* [Data in this exercise]
□ □ □ □ □ □ □

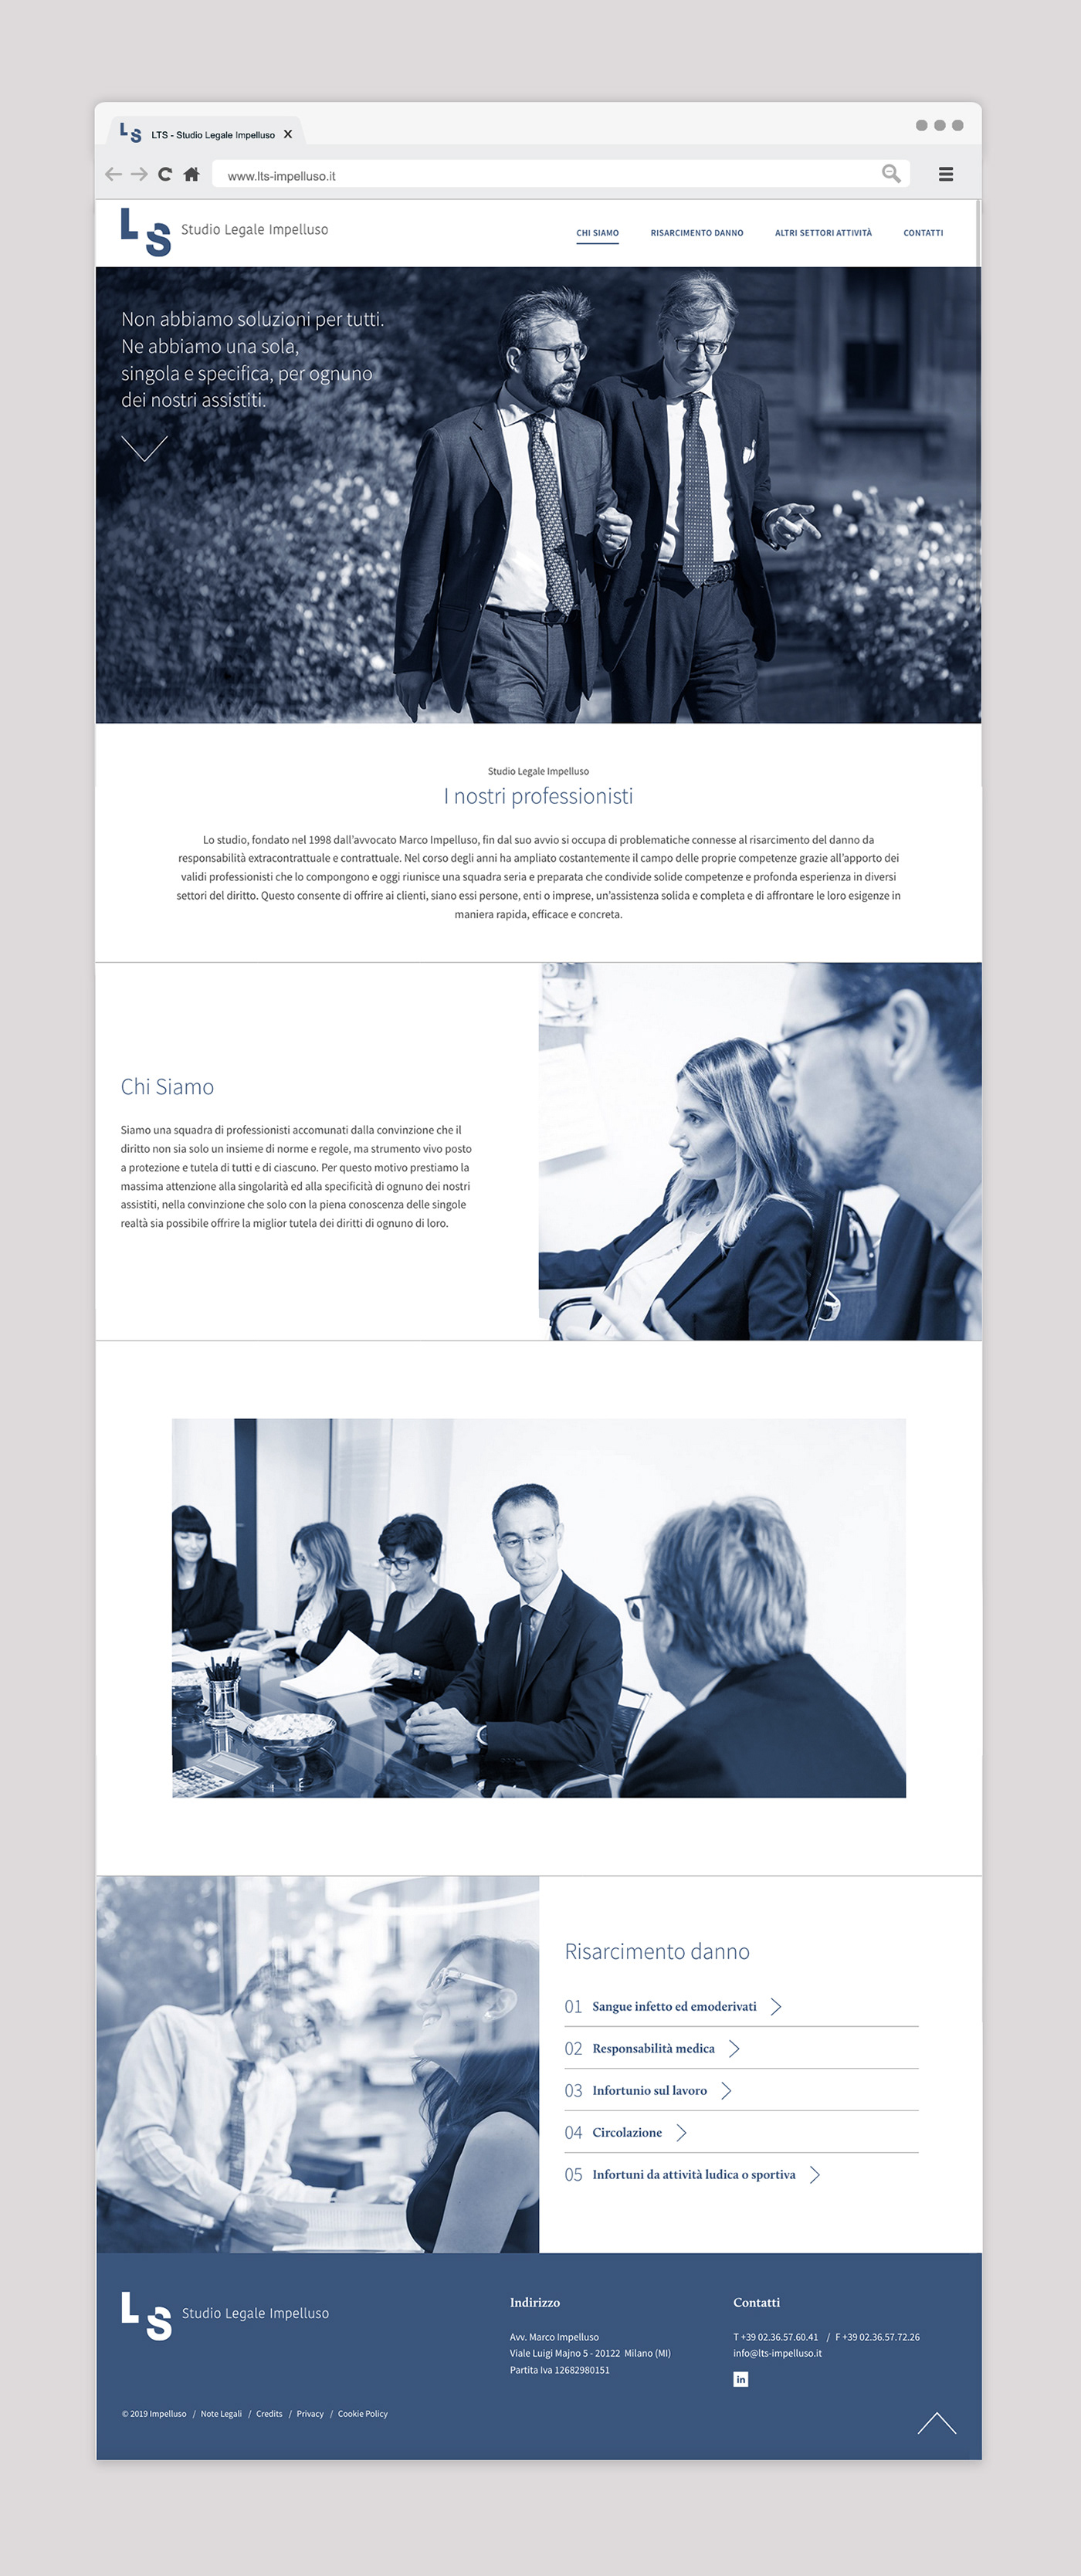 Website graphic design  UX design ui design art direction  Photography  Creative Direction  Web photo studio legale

□ □ □ □ □ □ □

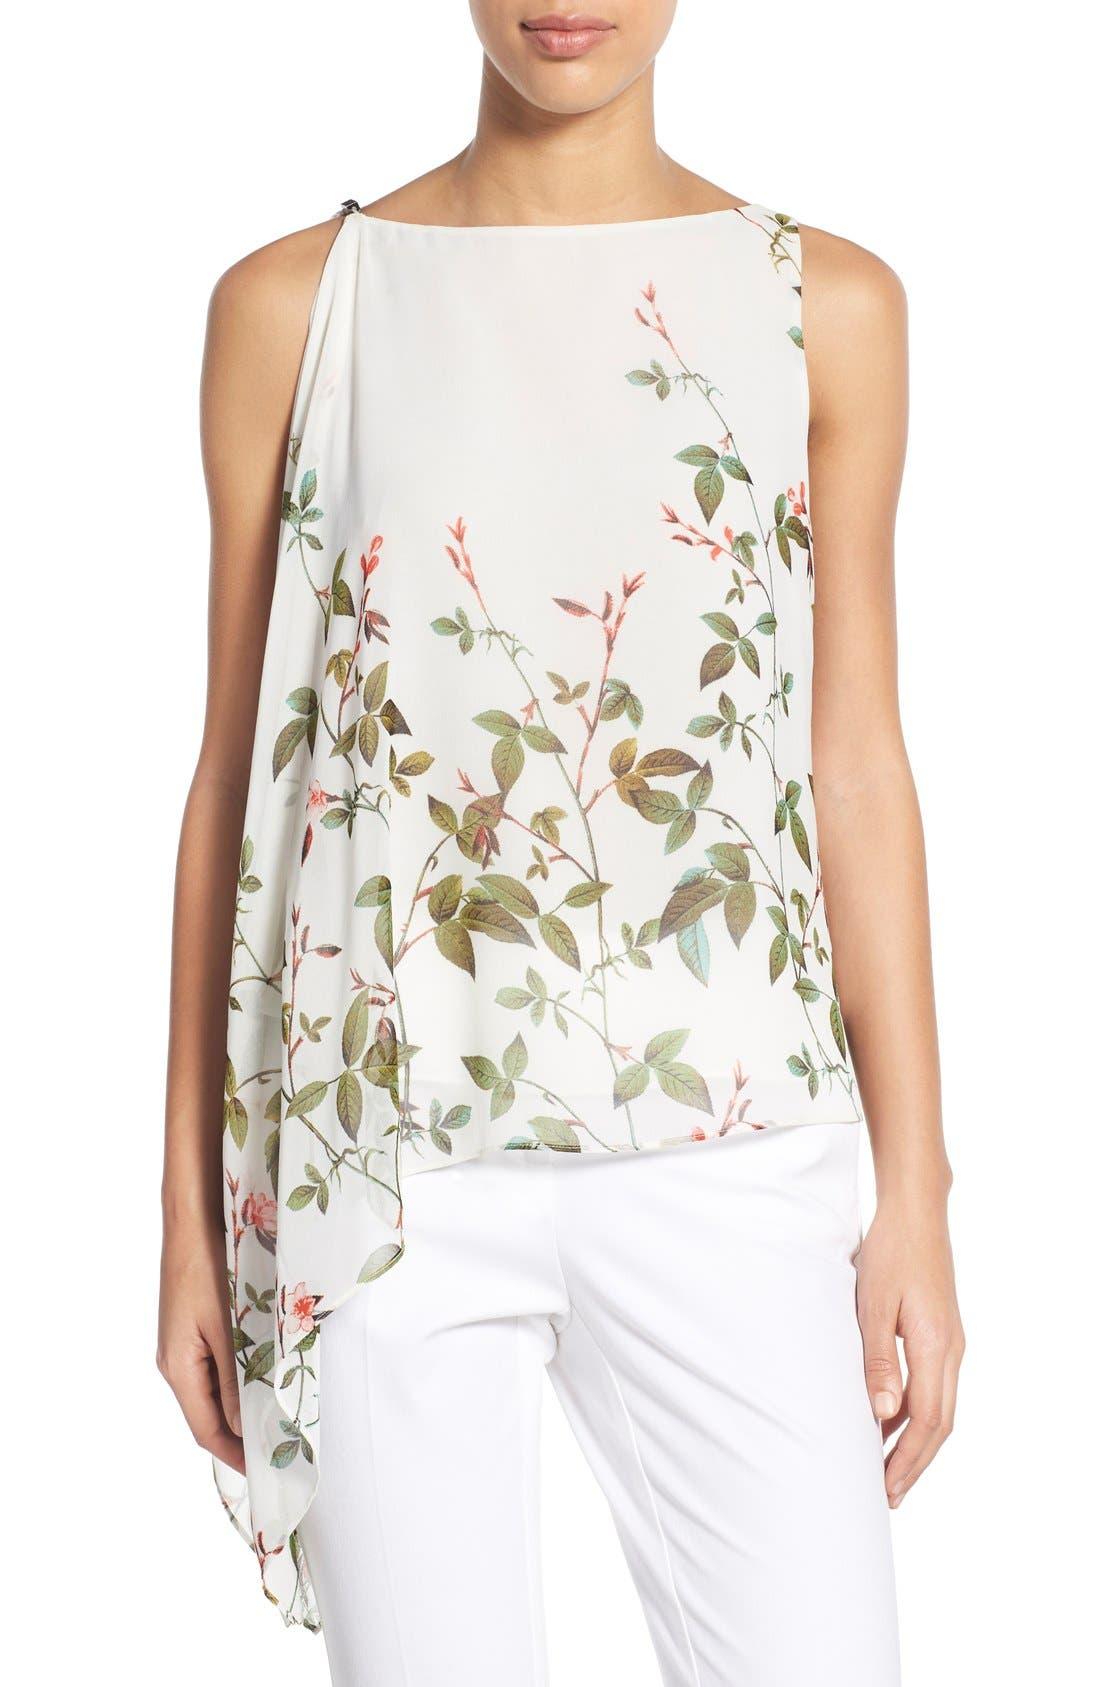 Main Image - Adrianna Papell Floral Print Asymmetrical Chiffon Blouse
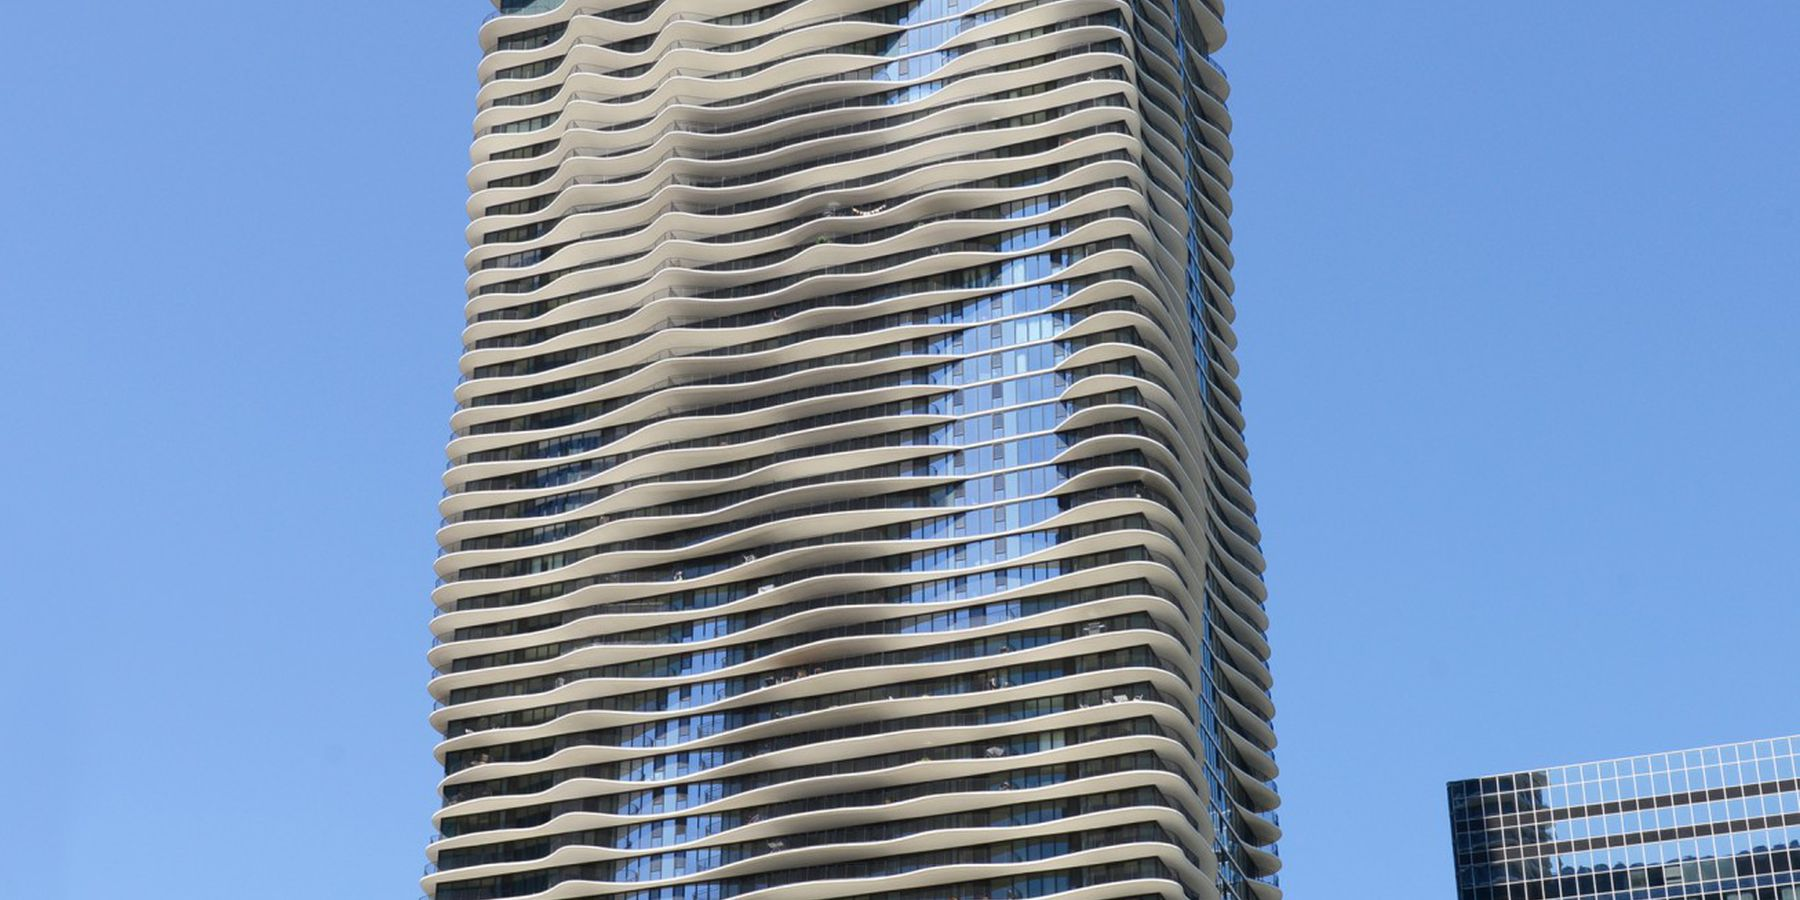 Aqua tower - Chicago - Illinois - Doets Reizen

□ □ □ □ □ □ □

* [Assigned task]
Print an exact copy of the lines above, from the one containing "Main Image - Adrianna" through the one containing "Aqua tower - Chicago", and leave out the pictures.

* [Answer section]
 Main Image - Adrianna Papell Floral Print Asymmetrical Chiffon Blouse
 Aqua tower - Chicago - Illinois - Doets Reizen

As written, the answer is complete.